Percy Bysshe Shelley - Idealism - Vegetarianism

Vegetarianism

Shelley wrote several essays on the subject of vegetarianism, the most prominent of which were "A Vindication of Natural Diet" (1813) and "On the Vegetable System of Diet".

Shelley, in heartfelt dedication to sentient beings, wrote: "If the use of animal food be, in consequence, subversive to the peace of human society, how unwarrantable is the injustice and the barbarity which is exercised toward these miserable victims. They are called into existence by human artifice that they may drag out a short and miserable existence of slavery and disease, that their bodies may be mutilated, their social feelings outraged.
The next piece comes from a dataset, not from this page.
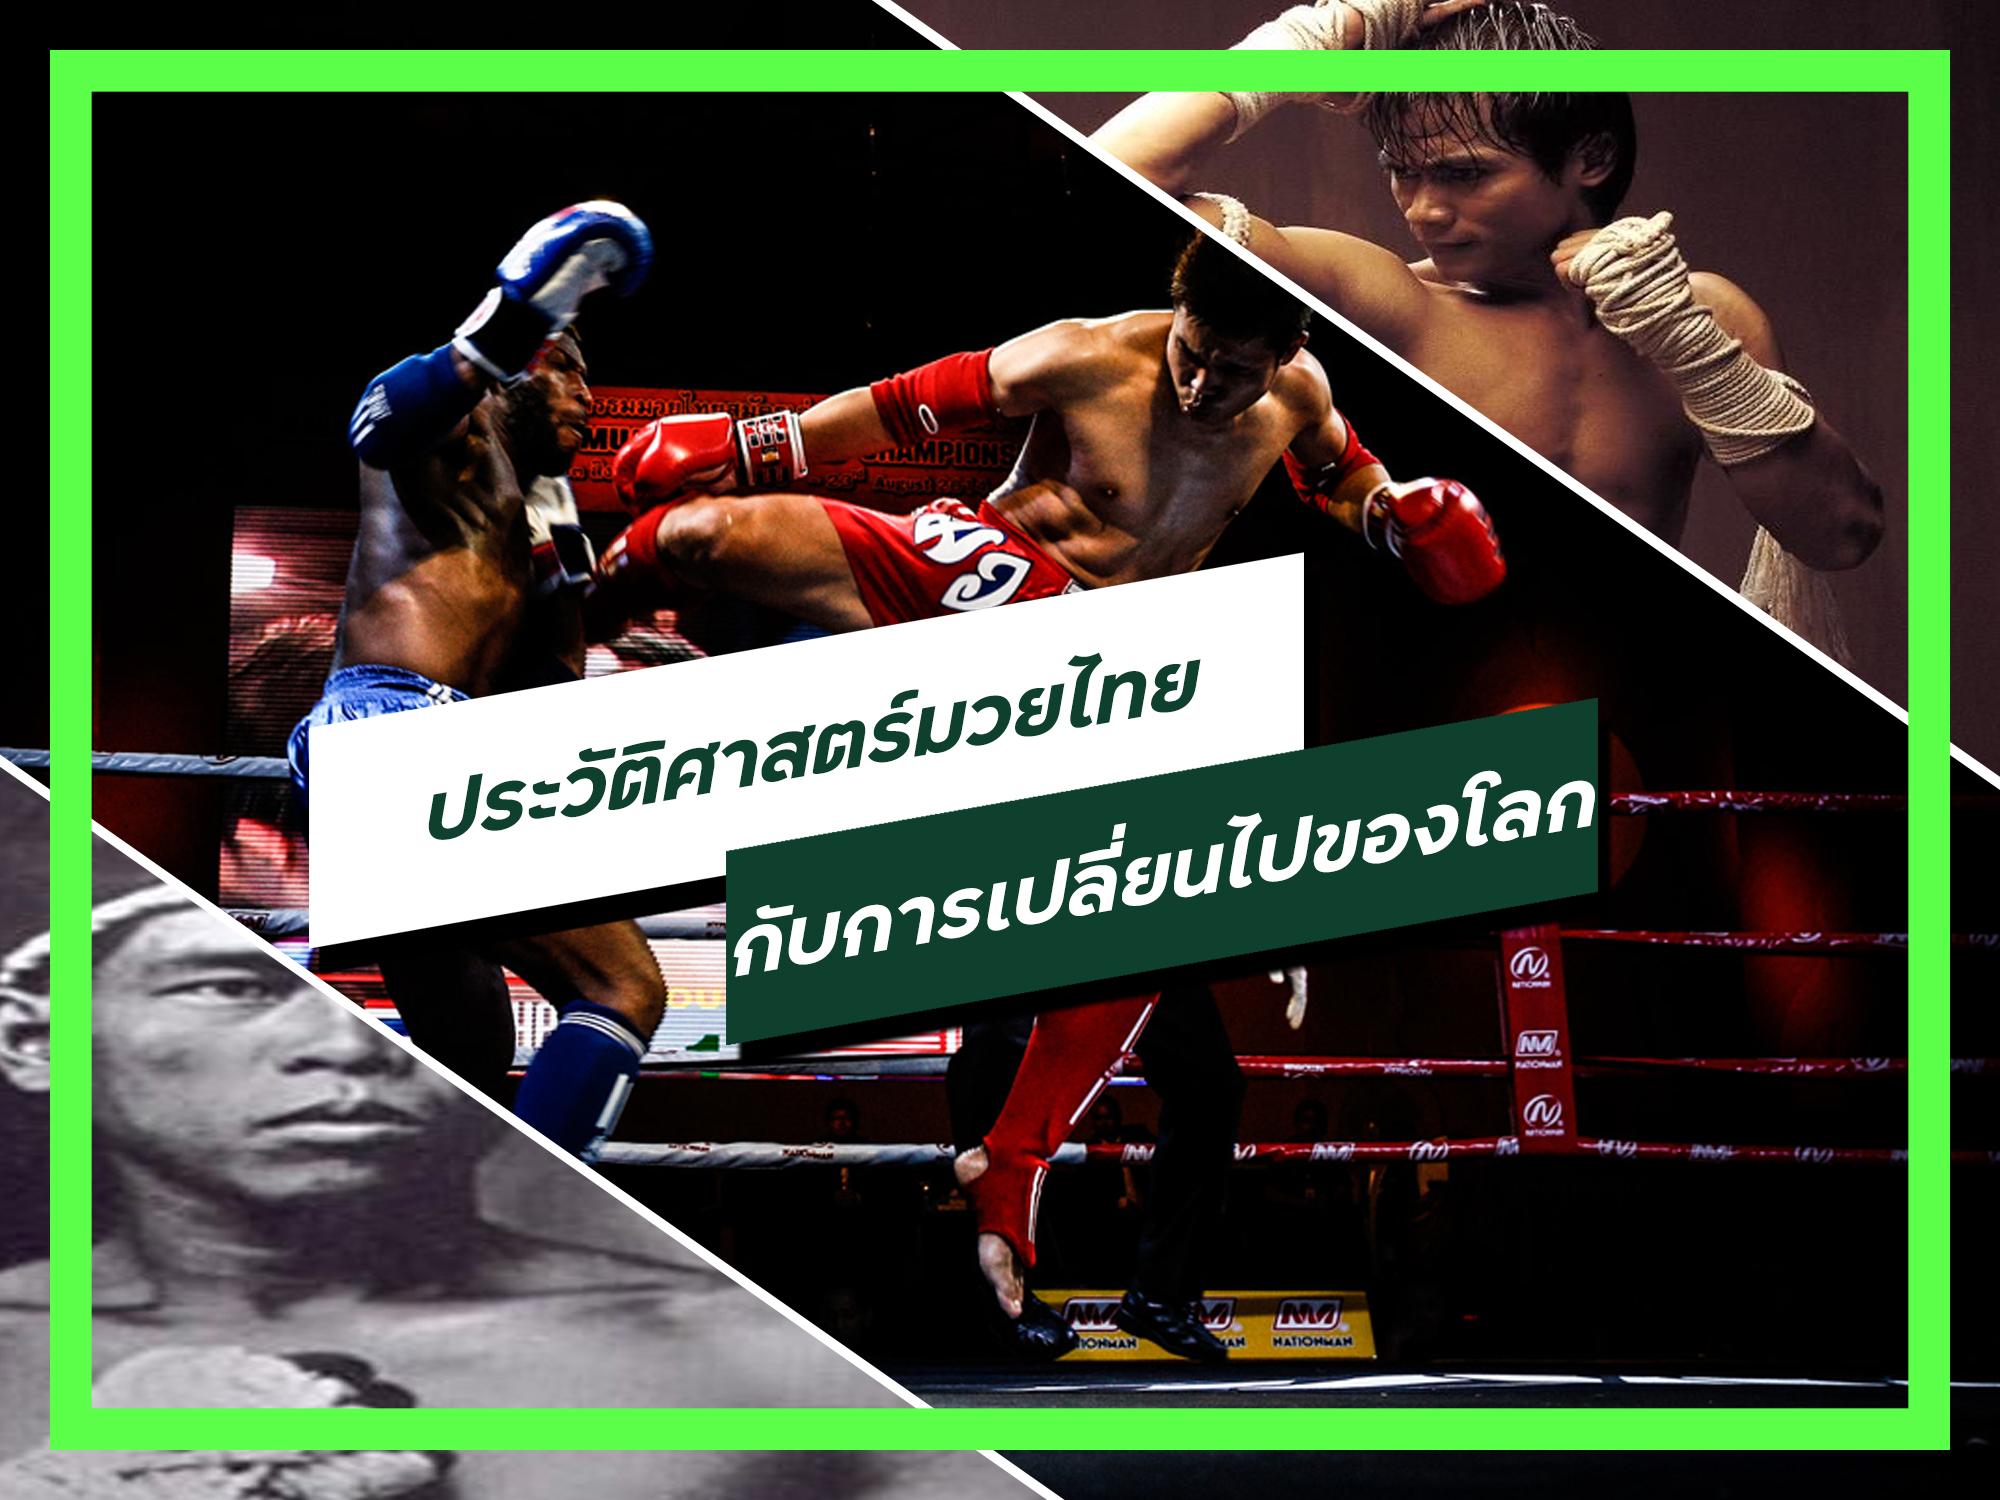 ประวัติศาสตร์มวยไทย กับการเปลี่ยนไปของโลก

It were much better that a sentient being should never have existed, than that it should have existed only to endure unmitigated misery"; "Never again may blood of bird or beast/ Stain with its venomous stream a human feast,/ To the pure skies in accusation steaming"; and "It is only by softening and disguising dead flesh by culinary preparation that it is rendered susceptible of mastication or digestion, and that the sight of its bloody juices and raw horror does not excite intolerable loathing and disgust." In Queen Mab: A Philosophical Poem (1813) he wrote about the change to a vegetarian diet: "And man ... no longer now/ He slays the lamb that looks him in the face,/ And horribly devours his mangled flesh."

Shelley was a strong advocate for social justice for the "lower classes". He witnessed many of the same mistreatments occurring in the domestication and slaughtering of animals, and he became a fighter for the rights of all living creatures that he saw being treated unjustly.